As footnoted in yesterday’s post, the decision in Trinity Industries, Inc. v. Chicago Bridge & Iron Co., No. 12-2059 (3rd Cir. Aug. 20, 2013), was a twofer.  Yesterday, we wrote about that part of the decision which held that a party who has resolved its liability under state statutes may seek contribution under Section 113(f) of CERCLA.  Today, we look at the second part of the decision, which concerns the Resource Conservation and Recovery Act (“RCRA”), 42 U.S.C. §6901, et seq. 

RCRA  regulates the disposal of hazardous waste “from cradle-to-grave,” and one of its most potent provisions, Section 7002(a)(1)(B), allows a private party to bring an action for injunctive relief against any past or present generator or handler of hazardous waste where there is an “imminent and substantial endangerment to health or the environment.”  In Trinity Industries, Inc., the present owner of a contaminated site, then remediating the property pursuant to a consent decree, brought suit against a former owner and, along with CERCLA and state law claims for contribution and cost recovery, sought an injunction under RCRA requiring the former owner, Chicago Bridge & Iron Co. (“CB&I”), to remediate contamination at the site.

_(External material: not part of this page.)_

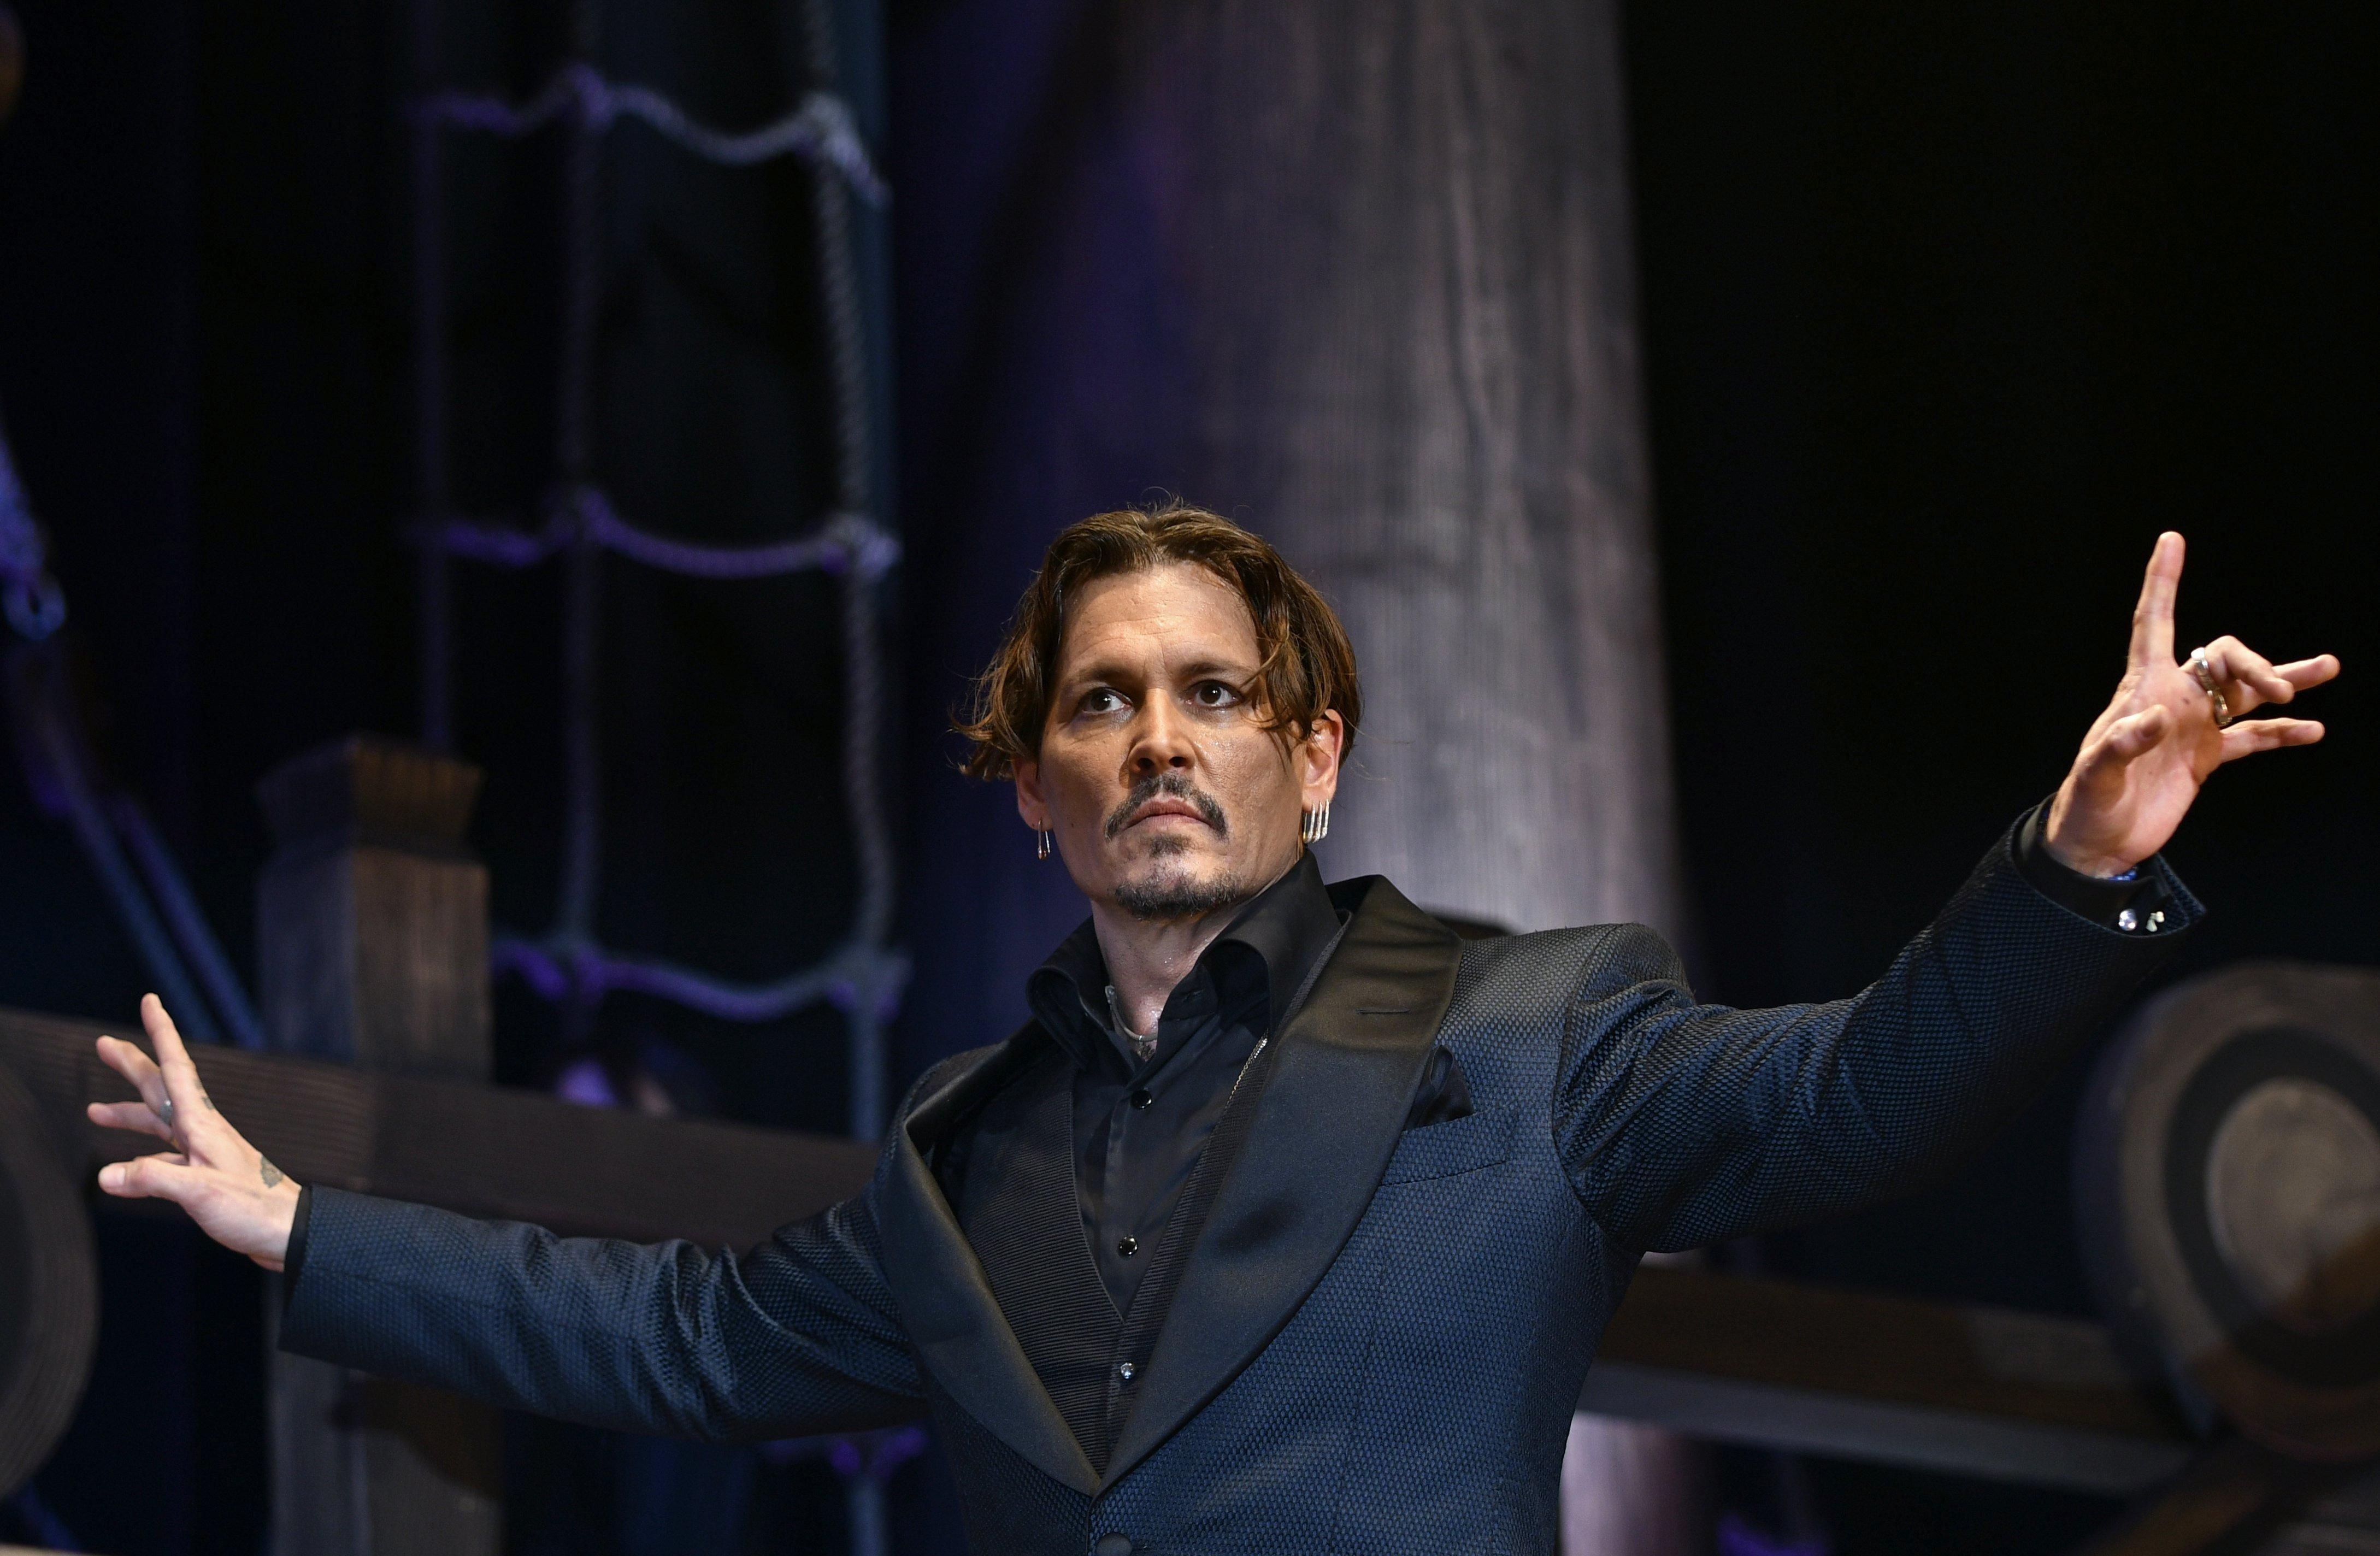 """L'actor nord-americà Johnny Depp assisteix a l'estrena de l'última entrega de la saga de """"Piratas del Caribe: la venganza de Salazar"""", a Tòquio, Japó. /FRANCK ROBICHON"""

The District Court denied Trinity’s claim under RCRA, holding that an injunction was not warranted because Trinity was already required by the Consent Order to remediate the contamination at the Site, and thus any such injunction would be “futile.”  The Third Circuit affirmed.  First, the Court noted that mandatory injunctions are “extraordinary remed[ies] that [are] only granted sparingly by the courts.”  Further, RCRA permits a court to order a party to undertake remediation only as may be necessary to address the imminent threat; for contamination that is not such a threat, CERCLA provides the appropriate remedies.  Since Trinity was already addressing the contamination, and there was no evidence that it was not properly doing so, the Third Circuit held that injunctive relief under RCRA was not “necessary” to address the threat.